If you watch enough of The Grid, you get the sense that if you don't happen to be at an interesting locale, with an interesting subject, at just the right time of day (near sunrise / unset), you might as well not bother taking out your camera.

Unless I'm willing to go to such lengths to do the necessary legwork to purposely situate myself in the right location at the right time, many of the shots I take on a normal basis is classified (as they call it) "snap-shots", even if I do have some of the other elements.
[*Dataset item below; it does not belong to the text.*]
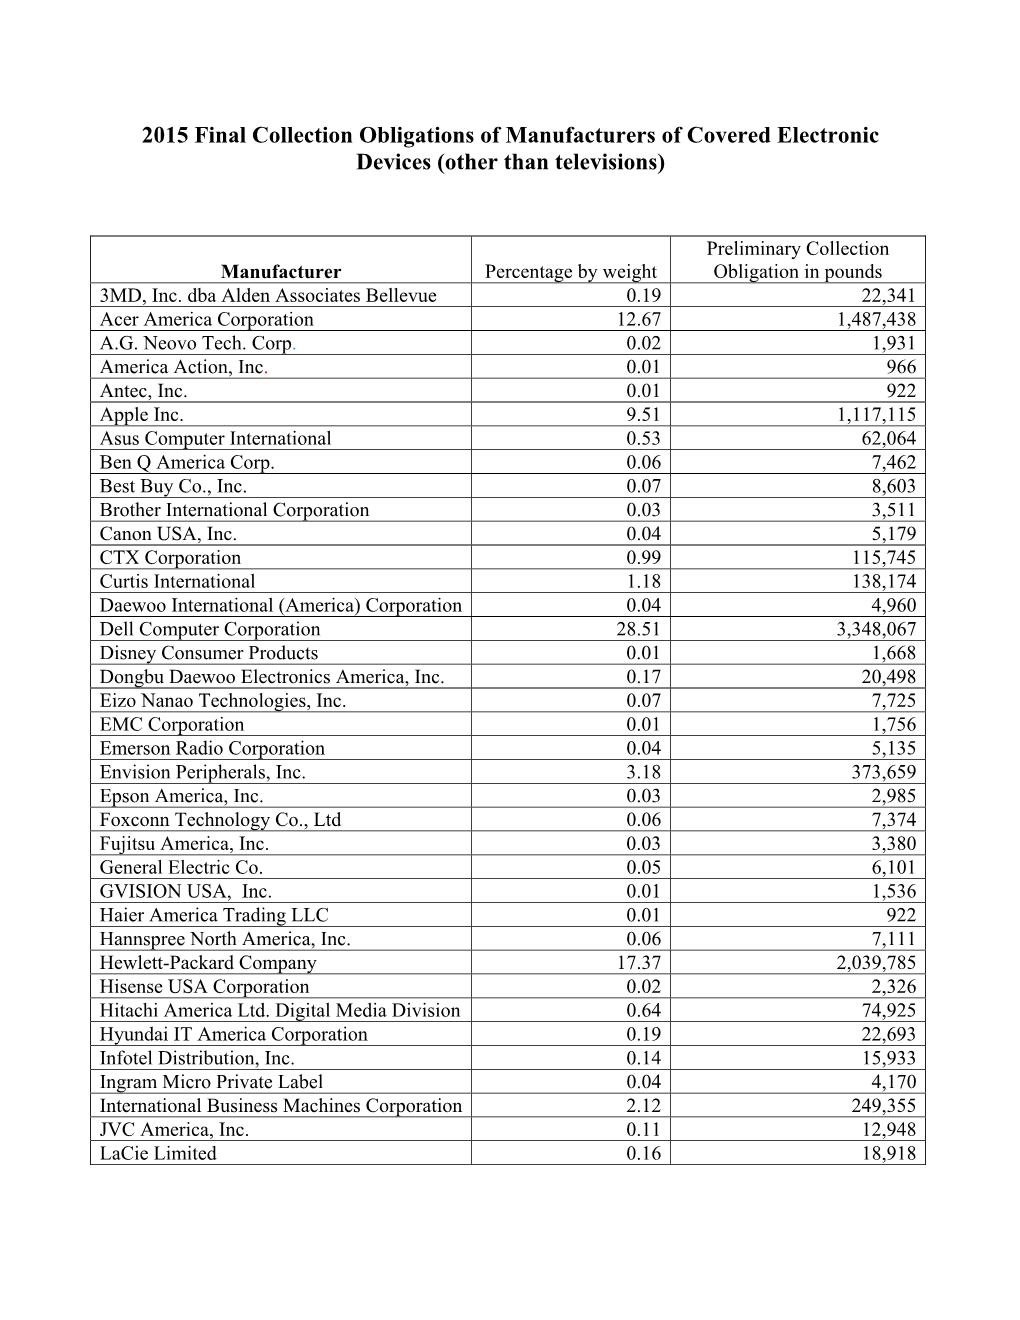 2015 Final Collection Obligations of Manufacturers of Covered Electronic Devices (Other Than Televisions)

One thing they do emphasis over and over is that your gear (price of your camera) is NOT one of the crucial elements of a great photo. I suppose this is to encourage those with entry-level DSLRs and the like. That's fine, but when they suggest "you gotta go to the right spots" which invariably means travel costs, the cost of gear seems to pale in comparison.

Your thoughts on this?

I firmly believe that a great photographer can find almost any local interesting from a photographic  perspective. I don't get to travel nearly as much as I'd like and I kind of feel the same way... that it'd be great to be in some really exotic locations to photograph (and experience on other ways). The challenge though is in working with what you have. All kinds of lighting can work, from overcast to hard sun, to artificial, provided that it's the right match for the subject and is handled in just the right way (exposure and post processing). What's really exciting for me is photographs of the most ordinary things that really transcend their ordinariness... Not easy to achieve, but worth striving to do. Maybe the thing to do is to look at a lot of photography (and not just the stuff on these sites, but books of great photographers work) with a special eye toward work that you like that is able to capture what's ordinary and transcend it... Trust me, there's plenty of that kind of work out there.

Also, I'd urge you to disregard the comment about landscape photography being "boring." There's a pretty wide range of work that would qualify for that label and so it seems pretty silly to put it all in one bag... especially if that's the kind of thing that you're really drawn to. We're all drawn to certain subject matter, but I think that it's a mistake to discount any sort of subject like that... I think that it's much more useful to form opinions about what shooting style and what photographers we like (those preferences help to inform own own style) than it is to be opinionated about really big generalities, like subject matter.

"The challenge though is in working with what you have."

This is where creativity thrives. I swear you'd be able to get a shot well worth it's time spent in your own bedroom if you work hard enough. I swear no place is no place for photography - unless it's pitch black. Work hard and love the challenge.